What is Optical Return Loss?

What is Optical Return Loss?


Optical Return Loss -An Important Test

When talking about fiber, Optical Return Loss (ORL) is one of the number one things that is tested. This is the ratio of light that is reflected back to the source of the light over the entire fiber link. This is always measured in dB (decibels) and will typically be a negative number. The closer the number is to zero, the higher the reflectance (a poor connection). There are many different reasons that can cause this in a fiber optic system. We will look at some of these and give you a better idea of what to do to help you have the least amount of return loss in your network. We will touch base on what tool is used to measure this, as well as some different types of loss such as insertion loss and what is reflectance in a link.

What contributes to Optical Return Loss?

Here is where we discuss several of the factors that contribute to high return loss. In fiber optics, it is imperative that you make sure you are always cleaning the fiber optic connectors before you mate them together. Dirt in a network is the number one cause of return loss, and it is the easiest to prevent if done properly. We all know that wiping a fiber connector on a shirt may seem like a viable and quick option; however, it is not the proper or correct way to clean your connector. With how small the core is of singlemode fiber, even the tiniest dust particle can wreak havoc on your optical signal. Using 99% reagent grade isopropyl alcohol and lint free tissues is one way to clean properly. There are also one click cleaners that assist in cleaning the end face of a connector.

Another thing that will have high return loss is a broken piece of fiber. Some pieces of fiber can have a small crack that will give you very little insertion loss. This can actually show on return loss and help to avoid a bigger headache down the line.

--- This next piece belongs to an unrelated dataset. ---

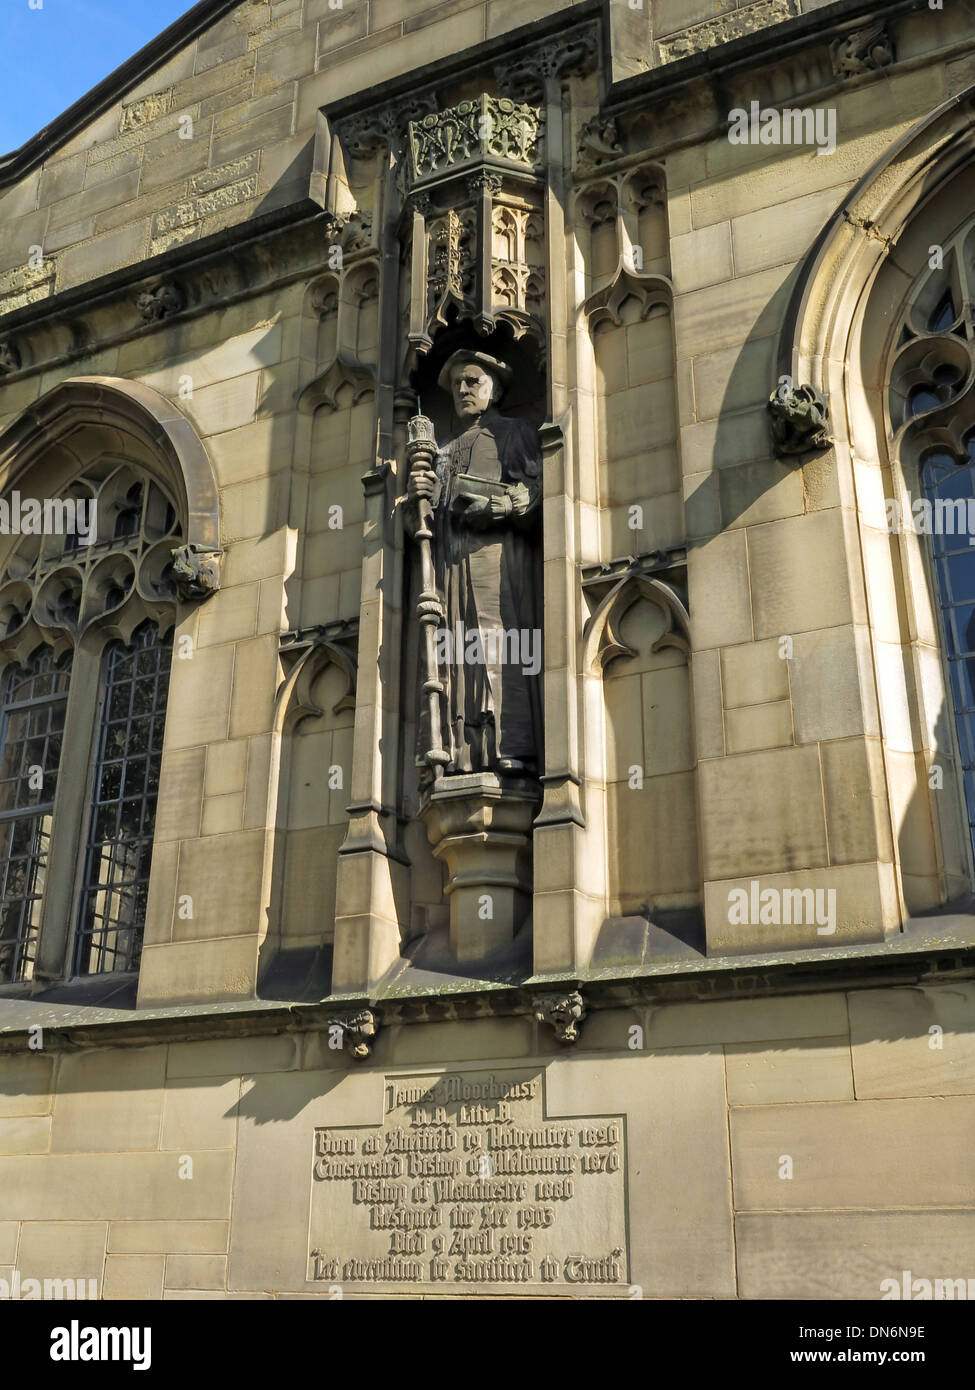 James Moorhouse statua Cattedrale di Manchester Inghilterra England Regno Unito Foto Stock

Poorly mated connectors are another cause of high return loss that can lead to other problems if not corrected. If the connectors are not fully inserted into the mating sleeve, this can lead to air between the two end faces, which in turn will lead to higher loss. This type of problem can have low insertion loss but will be a problem if the loose connectors become misaligned or even disconnected. If the mated connectors become disconnected, it can cause a complete loss of signal that will take your network down. So when you see a high return loss at a pair of mated connectors this should be checked out.

What is Insertion Loss?

Insertion loss is the measurement of the light that is lost between two fixed points in the fiber. This can occur when optical fibers are spliced together, mated, or when they are sent through other passive components. You can have low insertion loss but high return loss. This is important in a network since most networks have several points that may have both insertion loss and return loss. One main spec that is always asked when dealing with optical connectors is what is the typical insertion loss of the connector? This refers to how much light should you lose when two connectors are mated together using a coupler. By knowing this, it will assist you in putting your link budget together. The link budget is the amount of loss that is allowed over a run of fiber including splice points, mated connectors, and the loss in the fiber itself. Knowing that the typical insertion loss on a mated pair is 0.5 dB, allows you to incorporate that into a budget. So if you have three mated pairs in your link then you know that you will have at least 1.5dB of loss just in the connection points alone.

Optical Reflectance

When looking at your overall Optical Return Loss, you have several events that have happened in a link. These events as individual occurrences are known as the reflectances. So a mated pair of connectors is a reflectance that happens in a network. The type of polish that a connector end face has will affect the amount of return loss and insertion loss for that particular event. When you are looking at these, the closer to zero your measured test result, the poorer the connection is, which results in more insertion loss and higher return loss. Below are some different types of reflectance and the amount of reflection in the negative dB levels.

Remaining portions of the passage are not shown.